Department of Computer Science Education, Universitas Pendidikan Indonesia, Bandung 40154, Indonesia.
Department of Physics Education, Universitas Pendidikan Indonesia, Bandung 40154, Indonesia.
Sensors (Basel). 2022 Jul 6;22(14):5071. doi: 10.3390/s22145071.
The phenomenon of big data has occurred in many fields of knowledge, one of which is astronomy. One example of a large dataset in astronomy is that of numerically integrated time series asteroid orbital elements from a time span of millions to billions of years. For example, the mean motion resonance (MMR) data of an asteroid are used to find out the duration that the asteroid was in a resonance state with a particular planet. For this reason, this research designs a computational model to obtain the mean motion resonance quickly and effectively by modifying and implementing the Symbolic Aggregate Approximation (SAX) algorithm and the motif discovery random projection algorithm on big data platforms (i.e., Apache Hadoop and Apache Spark). There are five following steps on the model: (i) saving data into the Hadoop Distributed File System (HDFS); (ii) importing files to the Resilient Distributed Datasets (RDD); (iii) preprocessing the data; (iv) calculating the motif discovery by executing the User-Defined Function (UDF) program; and (v) gathering the results from the UDF to the HDFS and the .csv file. The results indicated a very significant reduction in computational time between the use of the standalone method and the use of the big data platform. The proposed computational model obtained an average accuracy of 83%, compared with the SwiftVis software.

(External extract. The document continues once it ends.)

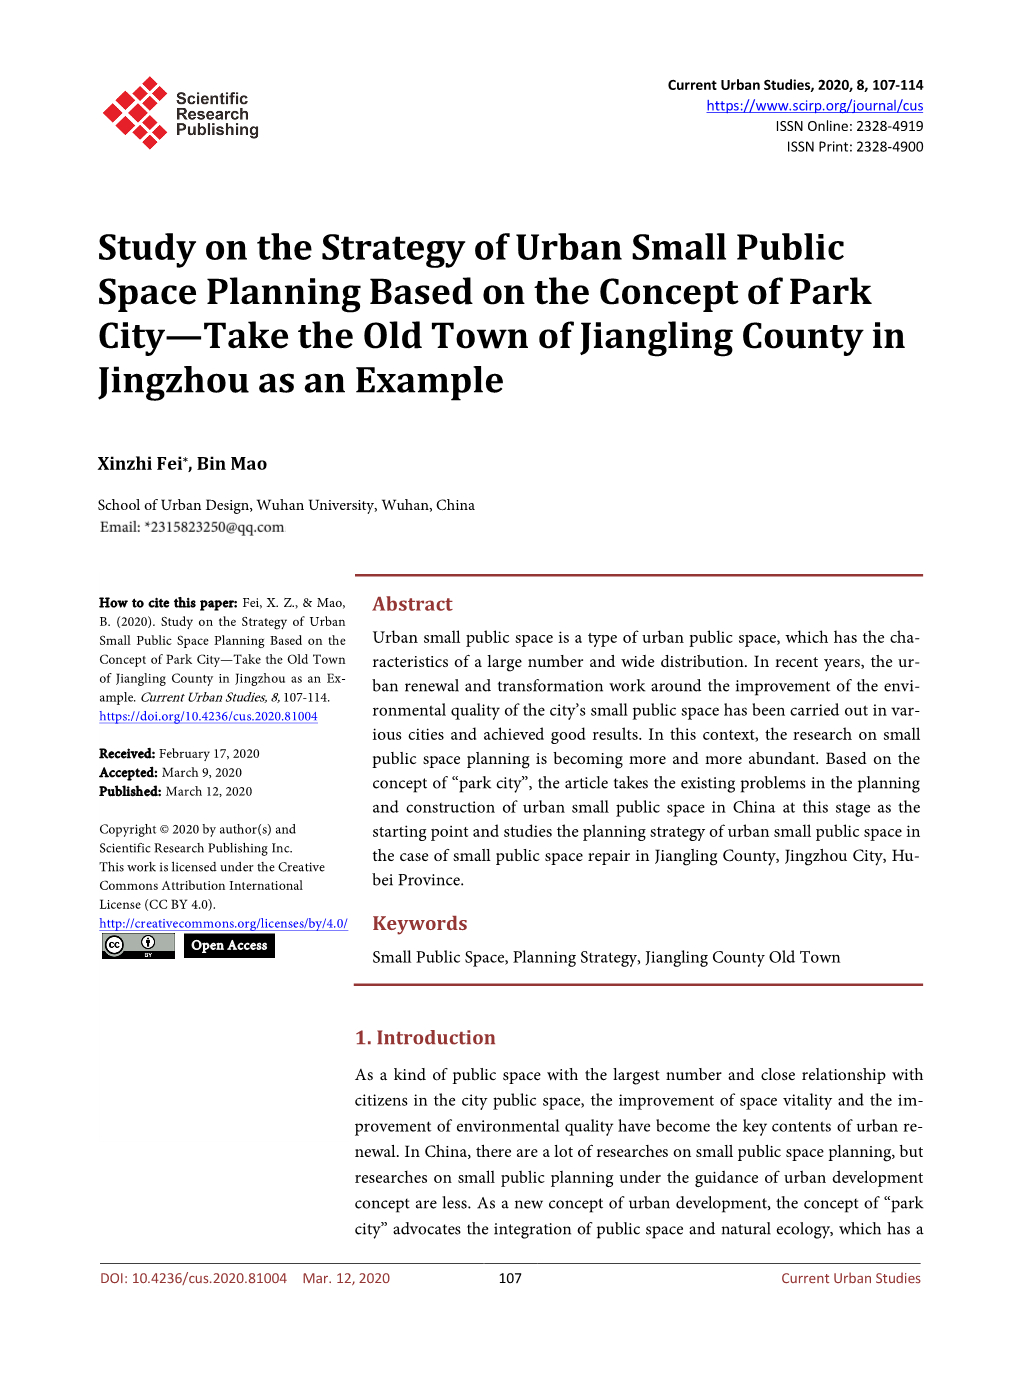 Study on the Strategy of Urban Small Public Space Planning Based on the Concept of Park City—Take the Old Town of Jiangling County in Jingzhou As an Example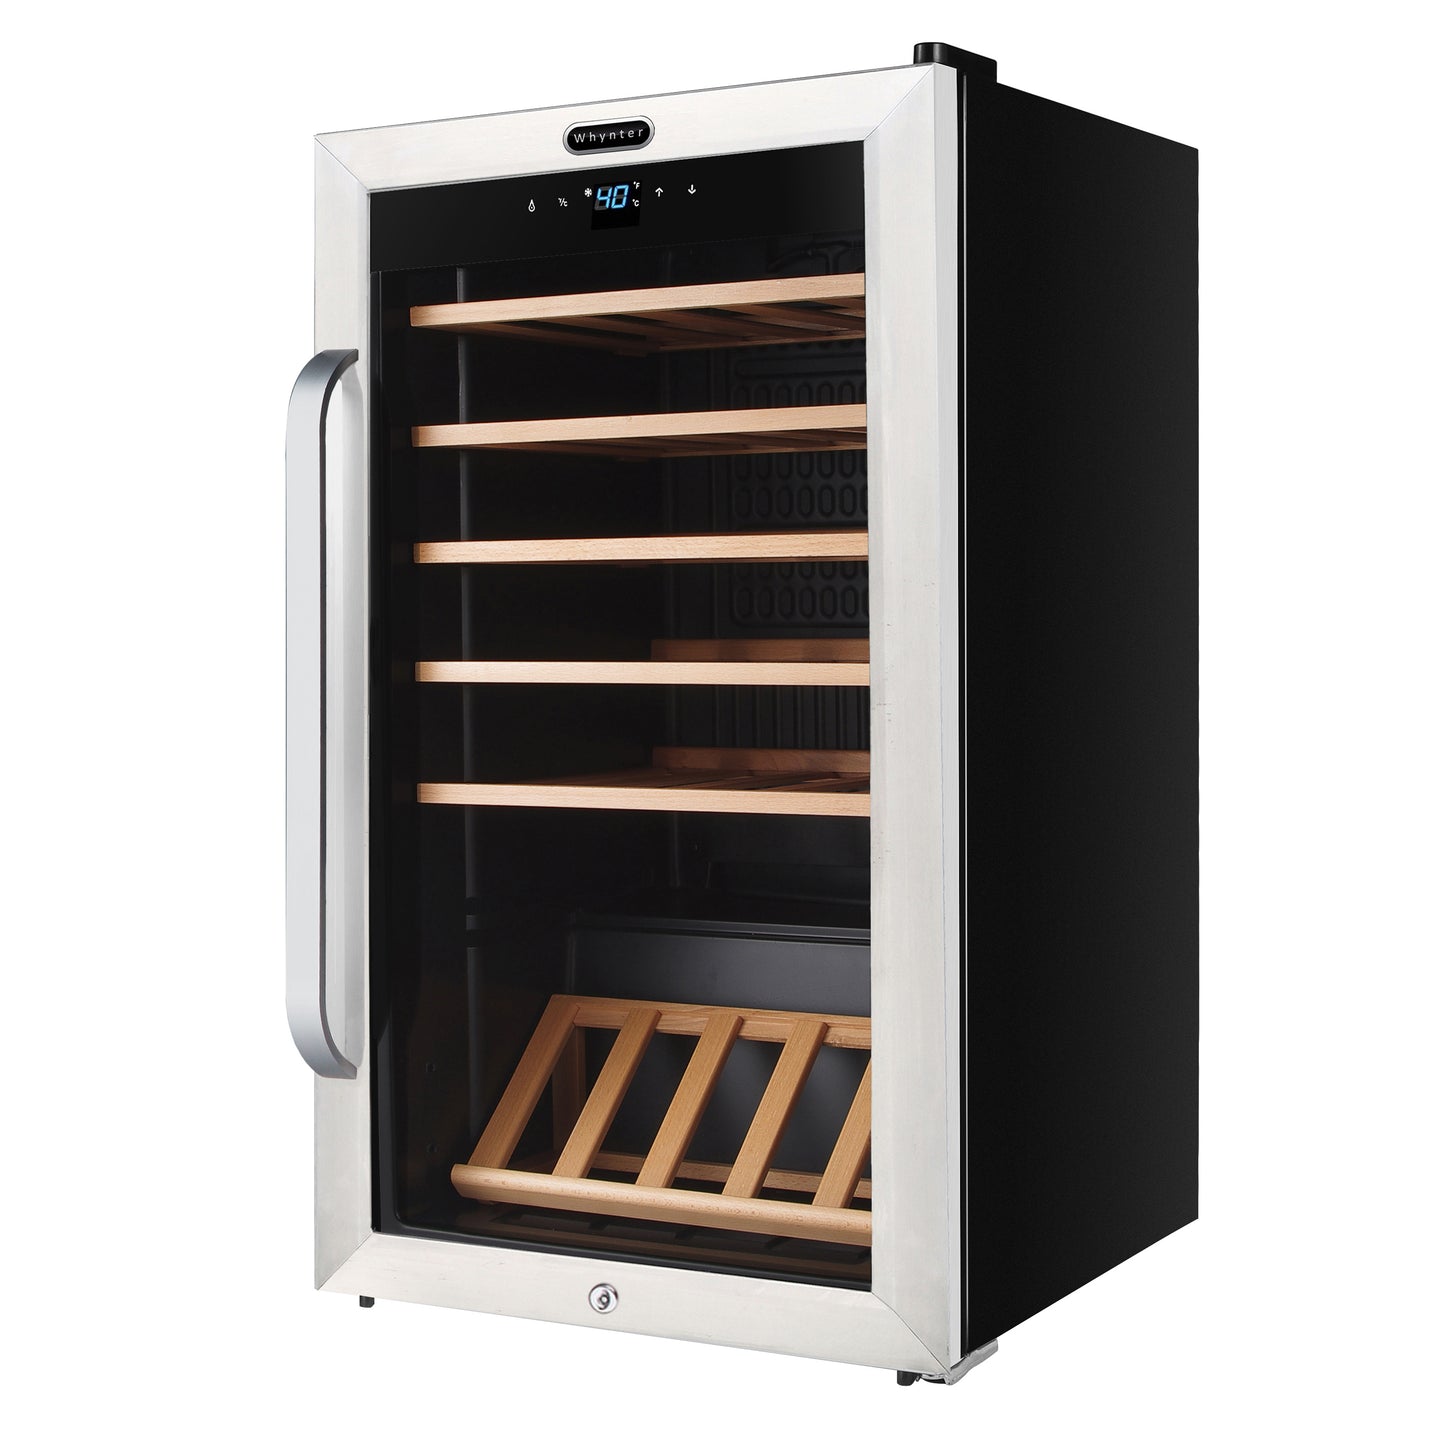 A black and silver wine cooler with adjustable wooden shelves, capable of holding up to 166 standard 750ml wine bottles.

大数据现象已经出现在许多知识领域,天文学就是其中之一。天文学中一个大型数据集的例子是数值积分的小行星轨道元素时间序列,时间跨度从数百万年到数十亿年。例如,小行星的平均运动共振(MMR)数据用于找出小行星与特定行星处于共振状态的持续时间。出于这个原因,这项研究设计了一个计算模型,通过修改和在大数据平台(即 Apache Hadoop 和 Apache Spark)上实现符号聚合近似(SAX)算法和主题发现随机投影算法,快速有效地获得平均运动共振。该模型有以下五个步骤:(i)将数据保存到 Hadoop 分布式文件系统(HDFS)中;(ii)将文件导入到弹性分布式数据集(RDD)中;(iii)预处理数据;(iv)通过执行用户定义函数(UDF)程序计算主题发现;以及(v)将 UDF 的结果收集到 HDFS 和.csv 文件中。结果表明,在使用独立方法和大数据平台之间,计算时间有了显著的减少。与 SwiftVis 软件相比,所提出的计算模型的平均准确率达到了 83%。